Araki has a name for himself which is "PhotoManiac". Something I believe that Winogrand had too. I believe that at some point everything makes sense in the world for a photographer, the camera and its surrounding in perfect unison and its there for the taking and its a photographers duty to seize that and own it. (Sorry if it sounds like hippy S**t,) not the best at explaining my case through written word.
Blake be sure to give me a call when you come to S.F. I would like you to to see something.
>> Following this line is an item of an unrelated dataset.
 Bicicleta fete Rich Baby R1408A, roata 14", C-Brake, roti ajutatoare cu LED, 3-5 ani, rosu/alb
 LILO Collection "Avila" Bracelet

All this make me think if the photographer vision is more tied to his/her own edits or the whole of the raw work. Yes, both are linked but there are a reason to only pick some frames and not to show all. The difficult that GaryS commented about Winogrand difficult to edit is because he did a lot of photos. He had difficult from the start to edit in camera. This don't mean that he wanted to show all. Edition is necessary and important in the way we show our work. Obviously I have a lot of interest in know all the other stuff but I tend to think, as Stan B., that is most for biographical purposes or curiosity about Winogrand's way of work.
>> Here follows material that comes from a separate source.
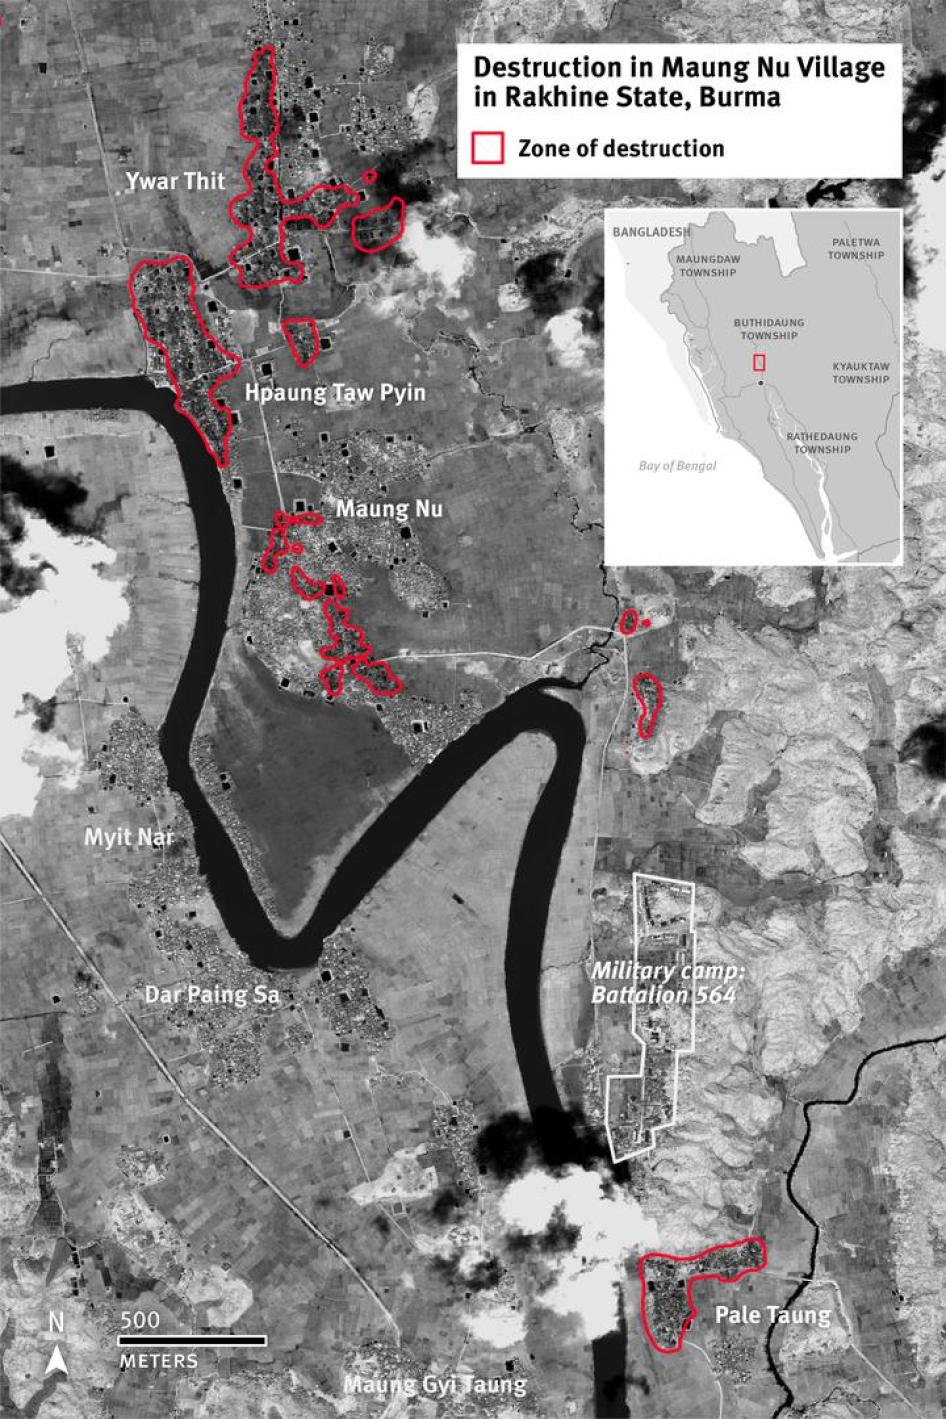 Image satellite montrant la zone de destruction dans le village de Maung Nu et ses environs, dans l’État de Rakhine en Birmanie, depuis août 2017.

By the way this is a good chance to remember who Leo Rubinfien really is, not just as a writer but as a photographer and this video is a fitting starting point.
http://www.americansuburbx.com/2011/04/asx-tv-leo-rubinfein-paths-through-the-global-city-photographs-by-leo-rubinfien-2011.html
Thank you for the profound and lengthy article Blake...and for the pdf.
More questions raised than answered but this is indicative of any worthy piece of writing.
Agree Chuck... we know more about Winogrand than we do about Friedlander.
Great conversation. I go with Chuck when he suggests that Winogrand is the pre-eminent photographer of the most convulsive period in modern American history. If nothing else, his output is an impeachable archive of what the American nation and its people fought for, played with, revelled in, gorged on on, fretted over and feared deeply. No need to look for his worth in the phsycological studies and photographic mania, it's all there in the archive. I wish I could go through it myself.....
Stephen
Very good writing Blake. I'm totally sold on Winogrand, no need to elaborate on that. I'm just back from my local bookshop and saw the big book recently published about GW. Was sealed and could not have a look. I understand it's the catalog of that SFMoMA exhibition. I'll probably buy it... Anyone has feedback ?
Jacques, I do not yet have the book but I've browsed a friend's copy. I would recommend getting it. There are some problems with it but in general it's a good effort. I'll have a more detailed review soon. In the meantime I think some other places online have written about it.